MAPLE-PECAN BOURBON BALLS



Maple-Pecan Bourbon Balls image

The bourbon ball was created in 1938 by Ruth Hanly Booe, a former Kentucky school teacher turned candy maker. The creamy original was whisky-spiked, covered with chocolate and topped with a pecan. Modern-day versions, like this one, are simpler to put together: Vanilla wafers, toasted pecans, cocoa powder, confectioners' sugar and bourbon are combined in a food processor, rolled into balls and dunked in melted chocolate or rolled in confectioners' sugar. Ours also includes a bit of maple syrup for added depth. Bar chocolate, as opposed to chocolate chips, works much better for enrobing candies because chocolate chips have less cocoa butter and become too thick to coat evenly when melted.

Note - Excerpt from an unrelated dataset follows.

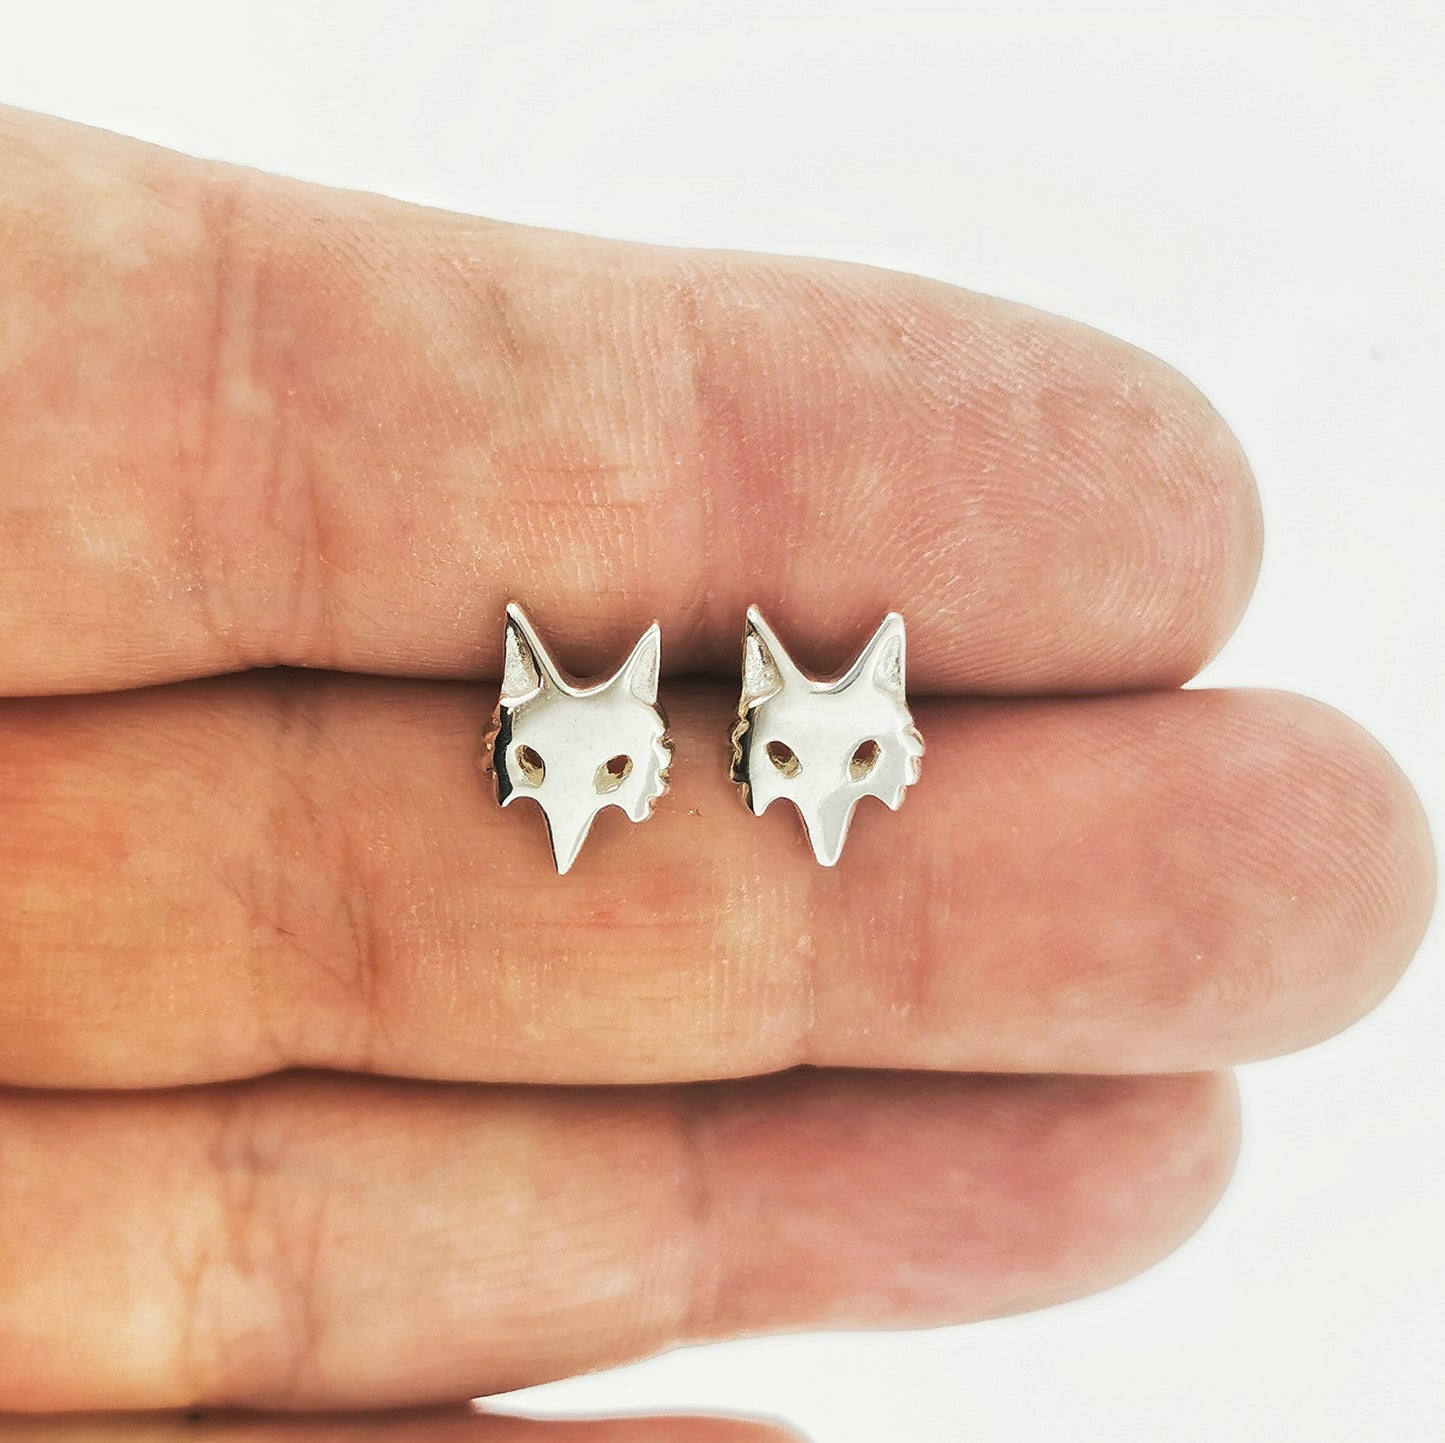 Gold Fox Stud Earrings Made to Order, Gold Fox Stud Earrings, Gold Fox Earrings, Gold Kitsune Earrings, Gold Kitsune Fox earrings, Gold Kitsune Studs, Gold Kitsune Stud Earrings, Gold Kitsune Fox Studs, Gold Kitsune Fox Stud Earrings, Gold Animal Stud Earrings, Gold Animal Studs, Fox Stud Earrings, Gold Animal Earrings

Provided by Samantha Seneviratne

Categories     candies, dessert

Time 45m

Yield About 2 1/2 dozen

Number Of Ingredients 9

8 ounces/225 grams vanilla wafers
1 1/4 cups/125 grams pecan halves, toasted
6 tablespoons/90 milliliters maple syrup
1/3 cup/30 grams cocoa powder
1/4 cup/60 milliliters bourbon
1 teaspoon pure vanilla extract
1/2 teaspoon kosher salt
1/3 cup/40 grams confectioners' sugar, plus about 1/4 cup/30 grams for coating (optional)
1 1/2 cups/255 grams chopped semisweet chocolate (not chips)

Steps:

  • In the bowl of a food processor, combine the vanilla wafers and pecans and process until fine crumbs form. Add the maple syrup, cocoa, bourbon, vanilla, salt and 1/3 cup confectioners' sugar and process until completely combined and the mixture holds together when shaped into a ball.
  • Portion the dough into 1 tablespoon scoops and transfer them to a parchment-lined baking sheet. Once all the dough is portioned, roll the scoops into neat balls.
  • Melt the chocolate over a double boiler on the stove or in short bursts in the microwave. Using two forks, dip each ball into the melted chocolate, and rotate to cover completely in chocolate coating. Tap each of the covered balls over the edge of the bowl to release excess chocolate and transfer to the prepared sheet. Alternatively, roll the uncoated balls in the 1/4 cup confectioners' sugar until coated.
  • Transfer the sheet to the fridge to set for at least 20 minutes. Store in an airtight container in the fridge for up to one week.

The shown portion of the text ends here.